_Directions_:
Copy out the lines beginning at the one with "Vertical Towbar 7p" and ending at the last line of the data, both included; pictures stay out.

_Collected data_:

-------

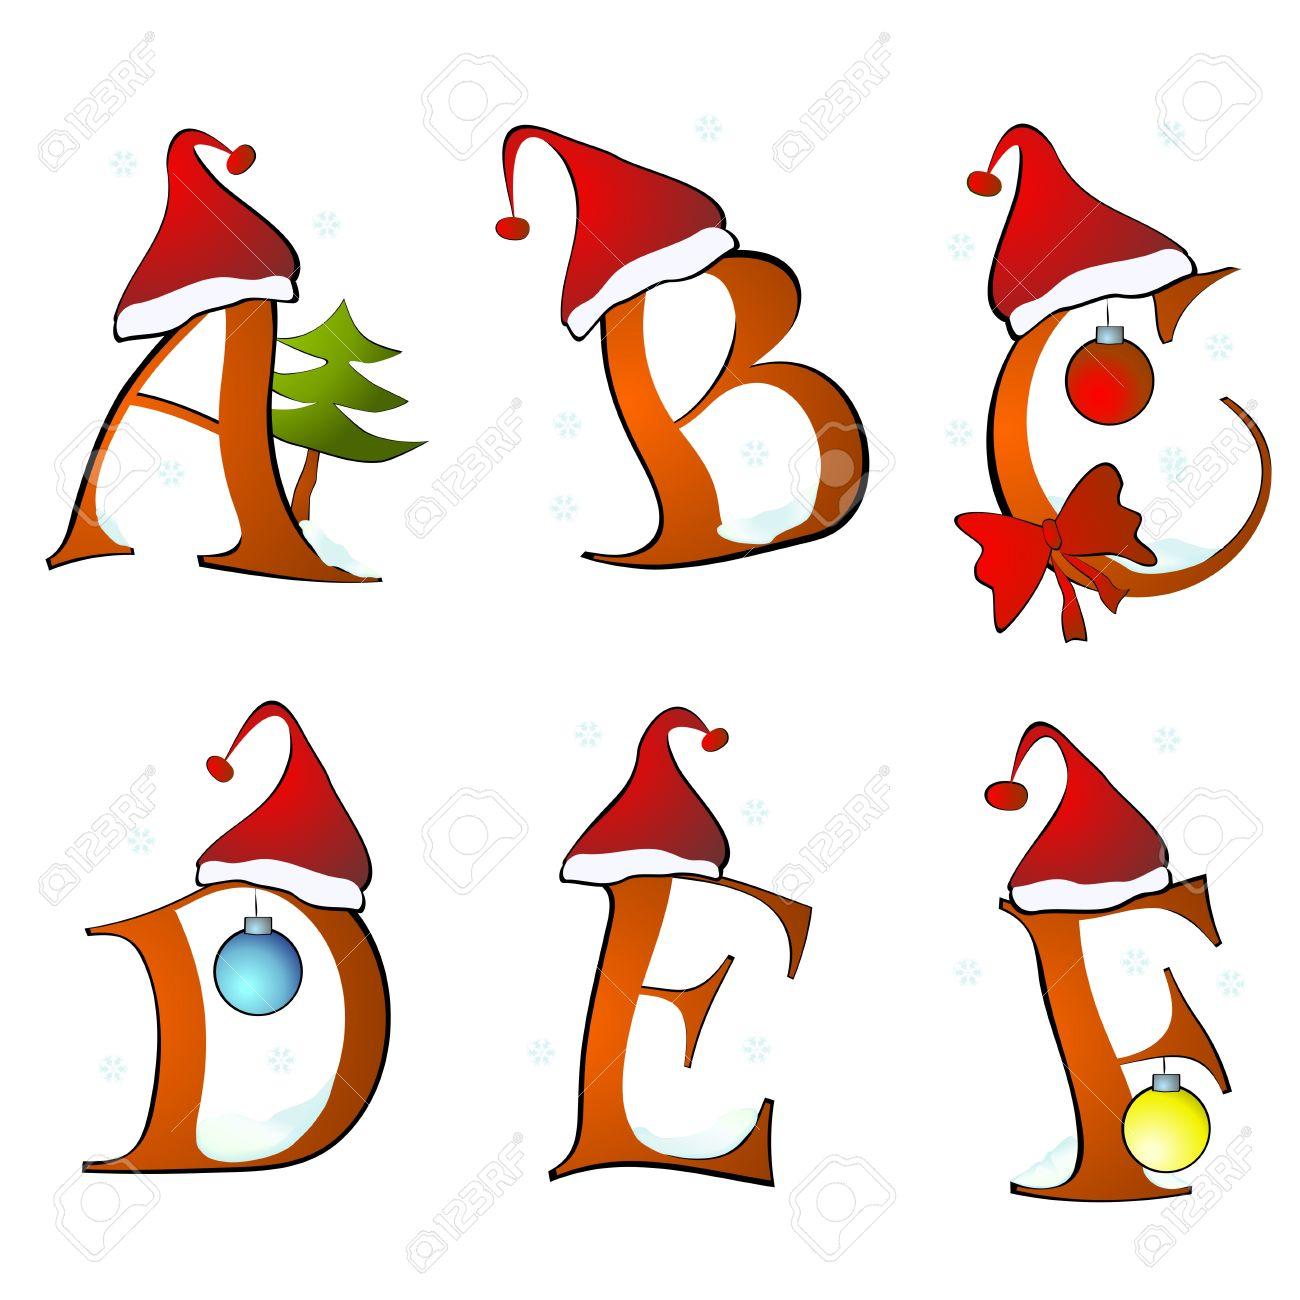 B Font Christmas: Christmas Alphabet Set Letters Winter A F Illustration
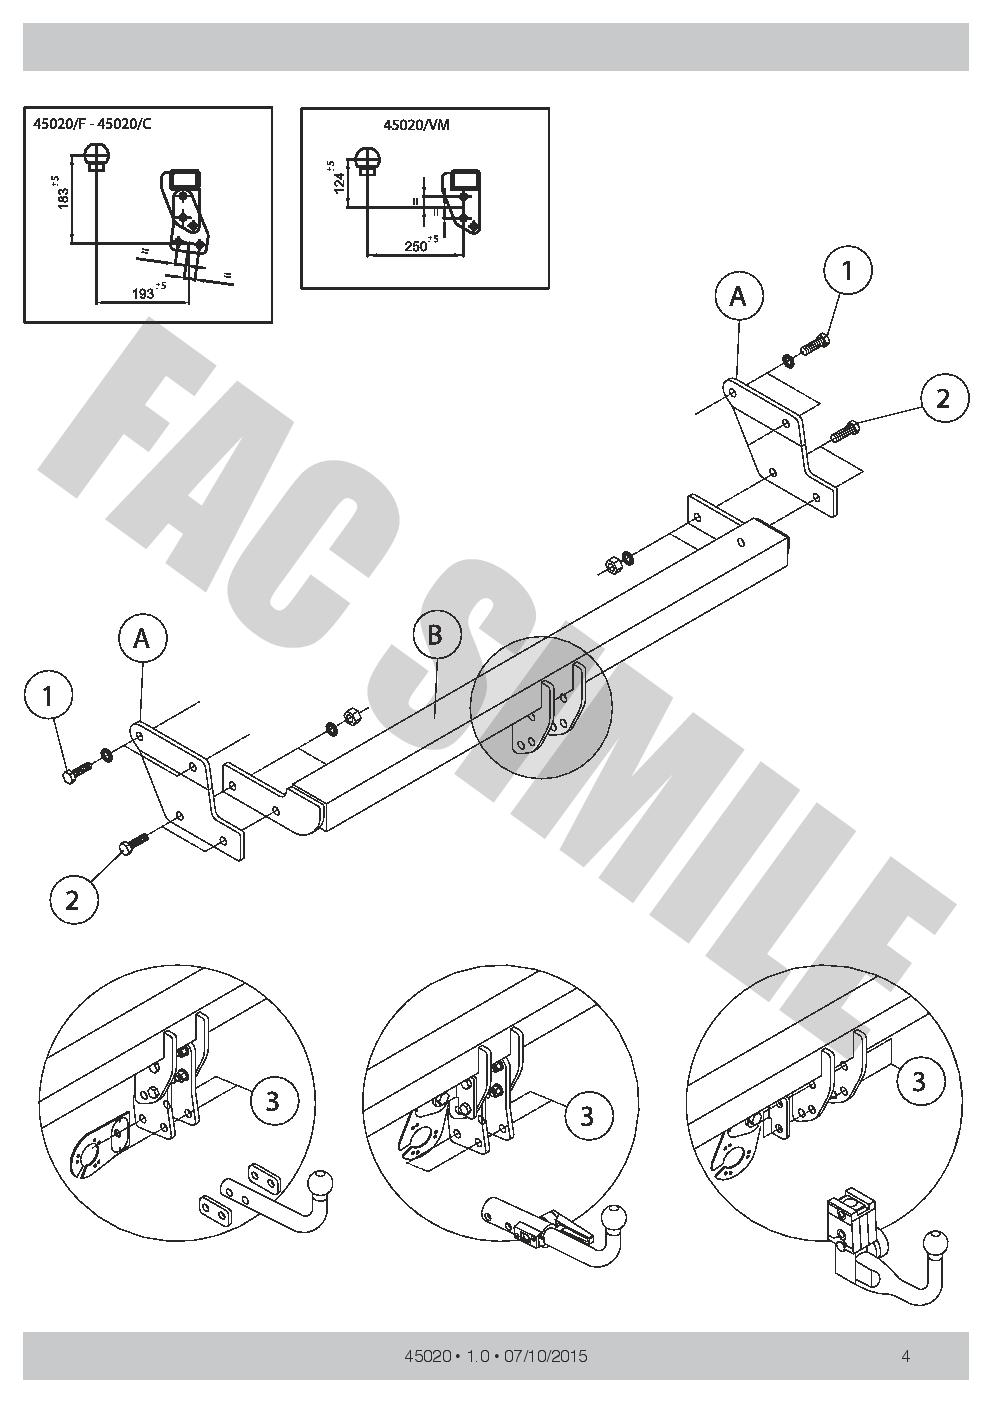 Vertical Towbar 7p Bypass Relay For Hyundai I20 Hatch 3 5dr 09 12 Wiring Diagram
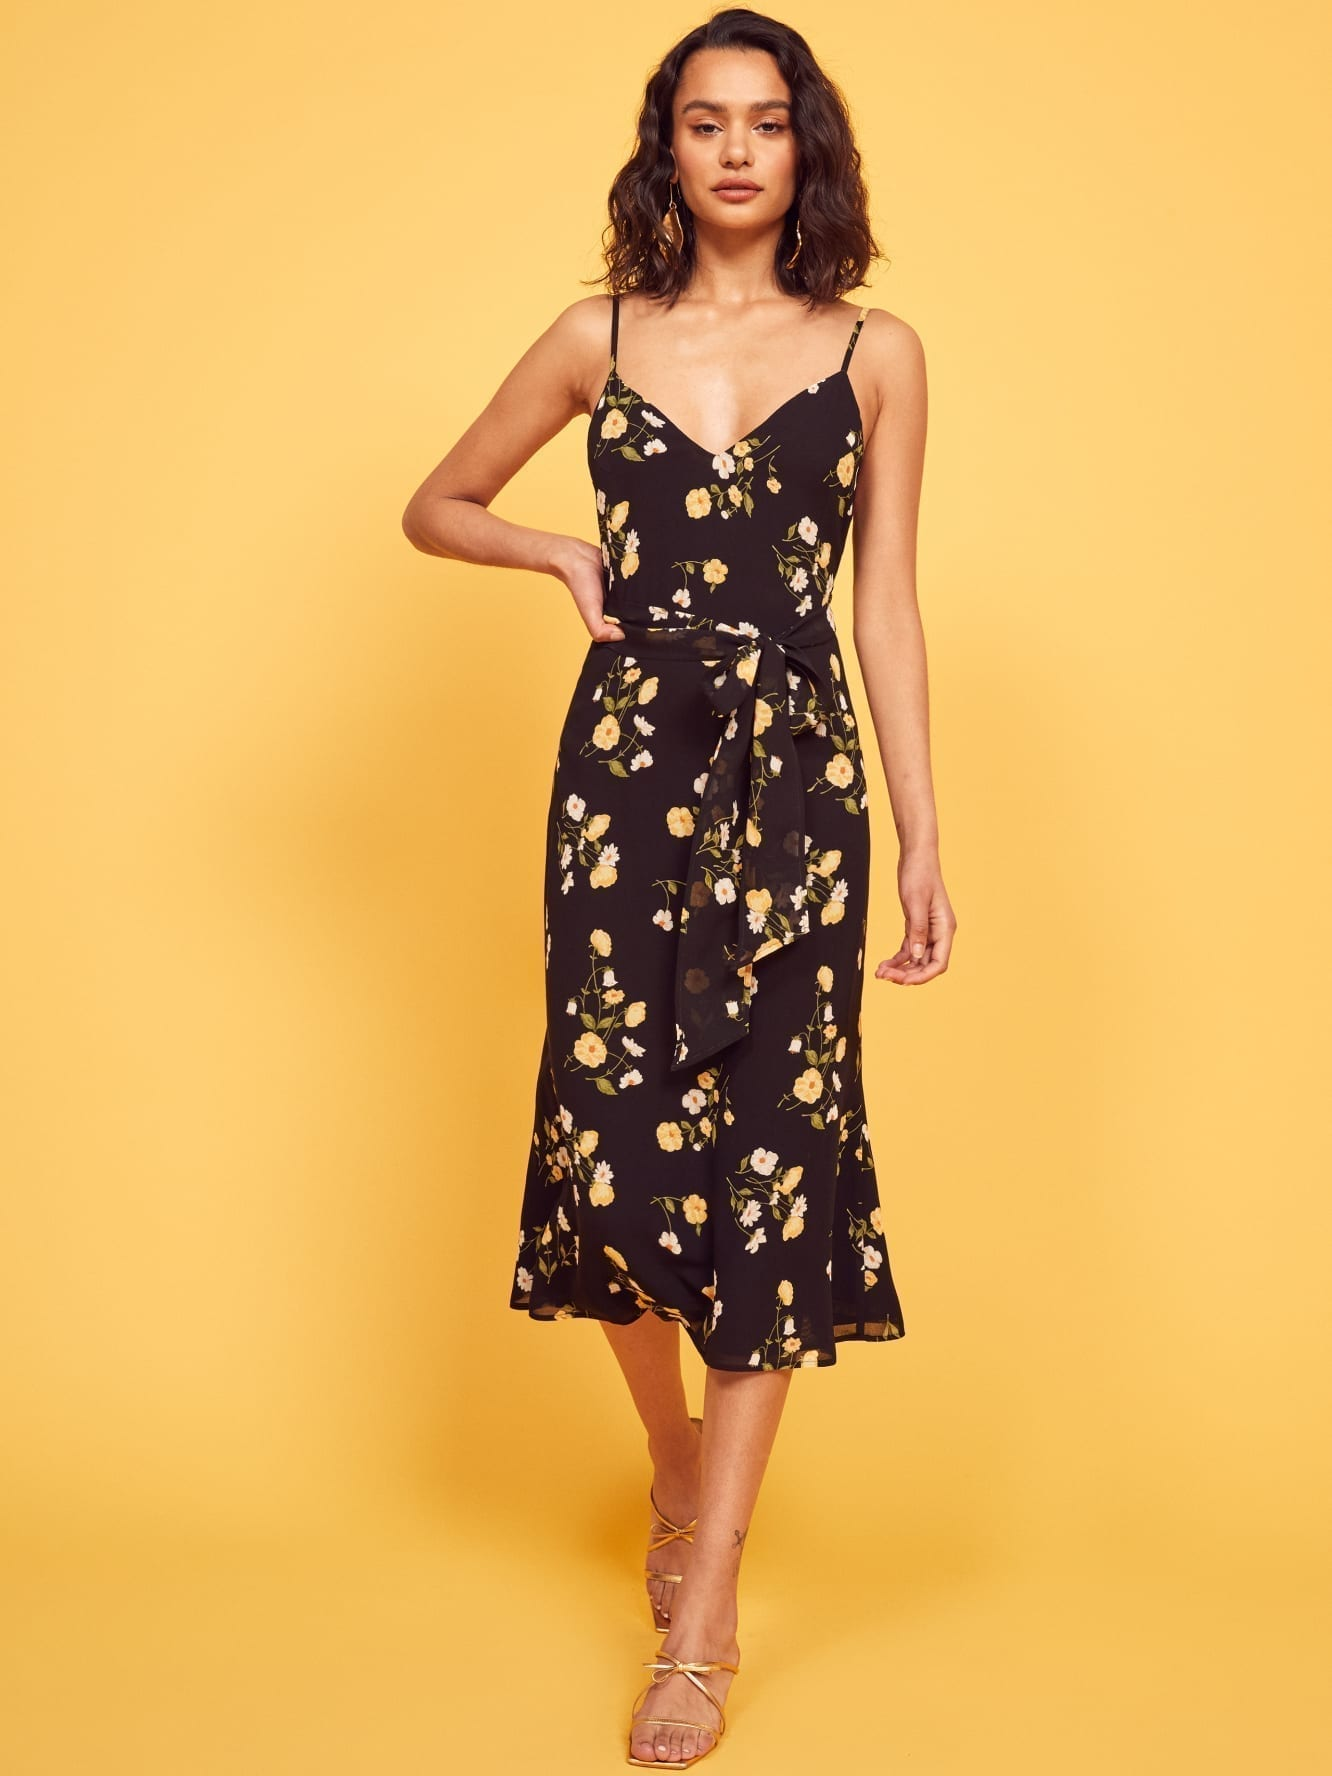 REFORMATION Dietrich Black / Floral Printed Dress
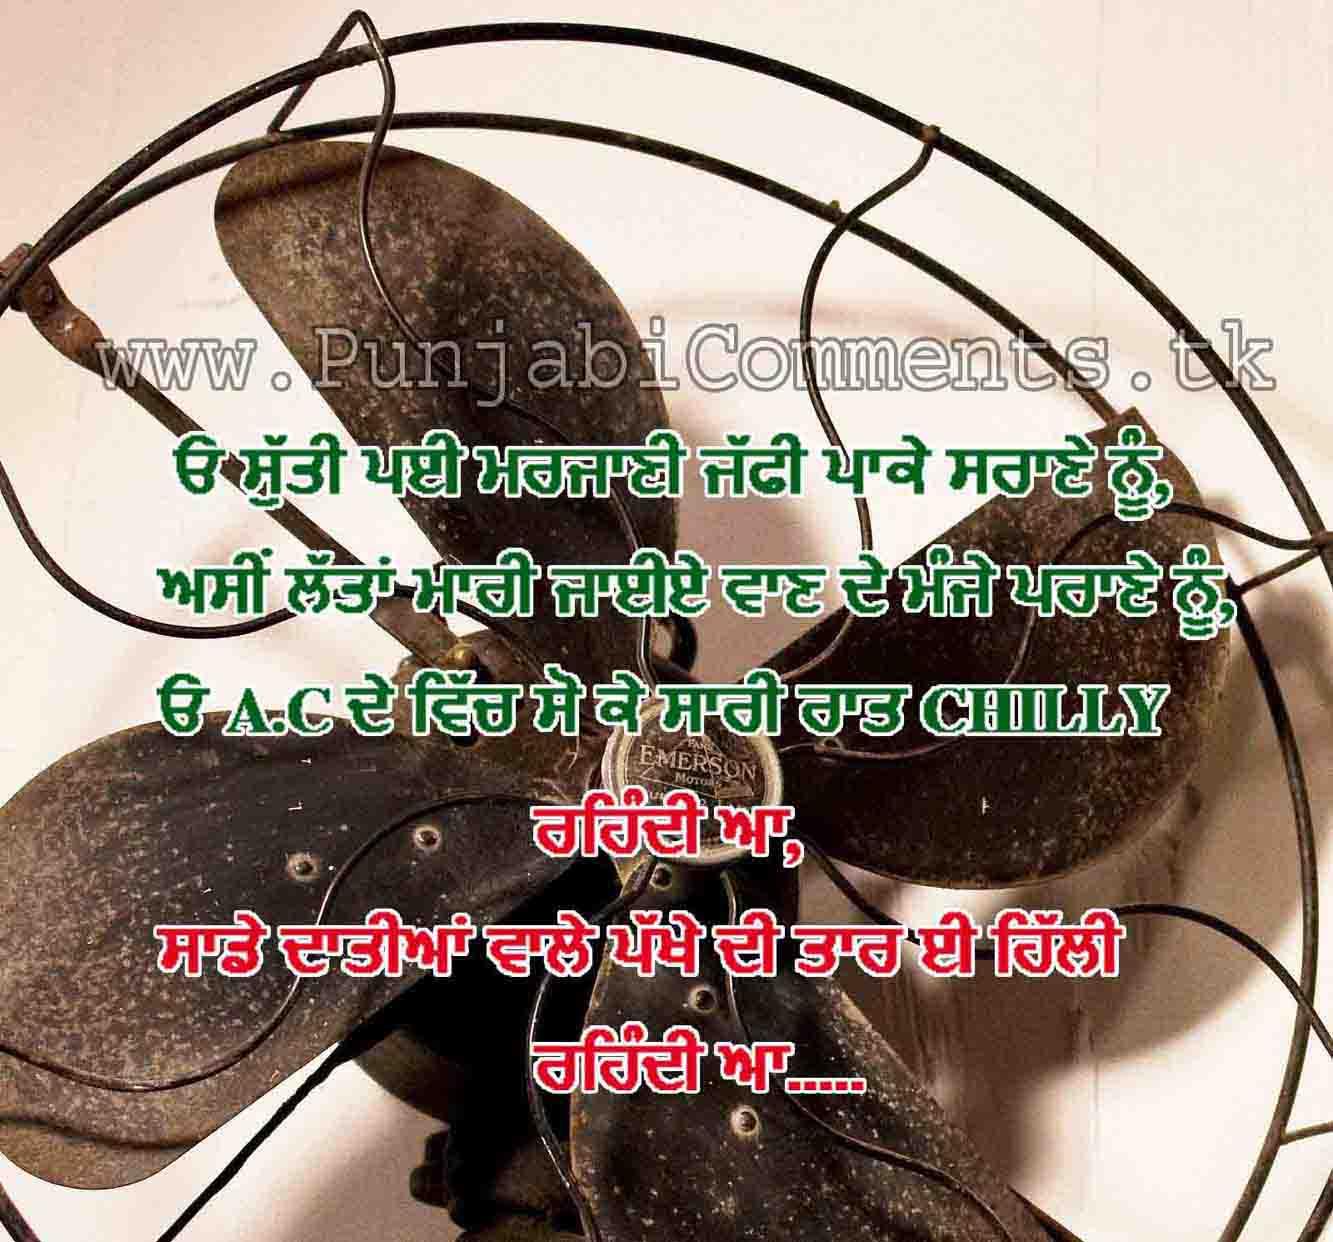 Funny Punjabi Images

-------

_Finished task_:
 Vertical Towbar 7p Bypass Relay For Hyundai I20 Hatch 3 5dr 09 12 Wiring Diagram
 REFORMATION Dietrich Black / Floral Printed Dress
 Funny Punjabi Images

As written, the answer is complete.